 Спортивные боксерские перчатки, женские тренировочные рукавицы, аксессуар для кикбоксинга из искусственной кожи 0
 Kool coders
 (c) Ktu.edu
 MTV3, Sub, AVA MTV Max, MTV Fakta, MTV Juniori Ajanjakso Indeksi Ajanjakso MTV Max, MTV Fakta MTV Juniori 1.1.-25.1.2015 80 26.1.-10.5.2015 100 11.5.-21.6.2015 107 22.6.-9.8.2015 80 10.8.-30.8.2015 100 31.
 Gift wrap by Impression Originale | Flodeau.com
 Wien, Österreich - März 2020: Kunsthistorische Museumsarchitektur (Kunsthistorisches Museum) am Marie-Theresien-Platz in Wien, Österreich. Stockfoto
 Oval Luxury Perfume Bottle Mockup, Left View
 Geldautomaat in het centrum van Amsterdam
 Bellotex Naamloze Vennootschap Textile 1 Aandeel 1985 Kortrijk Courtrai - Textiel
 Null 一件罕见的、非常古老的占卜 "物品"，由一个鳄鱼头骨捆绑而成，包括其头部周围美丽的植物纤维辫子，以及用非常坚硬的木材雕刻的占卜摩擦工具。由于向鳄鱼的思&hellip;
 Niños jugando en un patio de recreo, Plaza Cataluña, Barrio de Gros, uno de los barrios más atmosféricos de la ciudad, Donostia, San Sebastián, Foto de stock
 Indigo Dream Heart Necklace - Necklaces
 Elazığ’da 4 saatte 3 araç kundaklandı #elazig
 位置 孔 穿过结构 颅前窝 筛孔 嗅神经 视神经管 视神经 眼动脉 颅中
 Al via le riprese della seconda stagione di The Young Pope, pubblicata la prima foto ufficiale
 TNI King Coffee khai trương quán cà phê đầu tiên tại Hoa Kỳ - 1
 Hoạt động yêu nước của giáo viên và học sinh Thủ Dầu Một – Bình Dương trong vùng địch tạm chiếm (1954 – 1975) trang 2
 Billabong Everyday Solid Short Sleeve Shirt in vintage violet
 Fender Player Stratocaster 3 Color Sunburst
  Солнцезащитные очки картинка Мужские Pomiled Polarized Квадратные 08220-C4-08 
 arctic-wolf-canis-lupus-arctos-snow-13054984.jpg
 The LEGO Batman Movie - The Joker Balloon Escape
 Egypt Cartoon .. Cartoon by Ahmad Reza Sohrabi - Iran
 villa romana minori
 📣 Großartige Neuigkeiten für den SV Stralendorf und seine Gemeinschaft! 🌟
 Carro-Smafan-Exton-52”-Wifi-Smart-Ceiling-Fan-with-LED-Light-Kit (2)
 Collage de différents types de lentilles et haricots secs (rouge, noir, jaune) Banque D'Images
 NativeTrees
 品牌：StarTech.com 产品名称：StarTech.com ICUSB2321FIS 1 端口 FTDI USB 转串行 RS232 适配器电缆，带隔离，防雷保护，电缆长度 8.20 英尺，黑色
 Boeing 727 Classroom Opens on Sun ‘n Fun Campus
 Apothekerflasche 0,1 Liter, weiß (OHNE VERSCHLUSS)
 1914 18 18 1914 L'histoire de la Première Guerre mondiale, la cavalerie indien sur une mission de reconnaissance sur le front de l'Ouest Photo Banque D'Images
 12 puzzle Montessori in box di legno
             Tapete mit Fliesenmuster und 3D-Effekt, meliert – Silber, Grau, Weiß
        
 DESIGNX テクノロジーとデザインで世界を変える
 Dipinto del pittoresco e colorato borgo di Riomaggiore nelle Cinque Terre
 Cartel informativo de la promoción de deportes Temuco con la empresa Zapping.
────────────────
Required work:
From the very first line of the data through the line with "(c) Ktu.edu" in it, please reproduce each line exactly and output nothing more.

Solution to the exercise:
 Спортивные боксерские перчатки, женские тренировочные рукавицы, аксессуар для кикбоксинга из искусственной кожи 0
 Kool coders
 (c) Ktu.edu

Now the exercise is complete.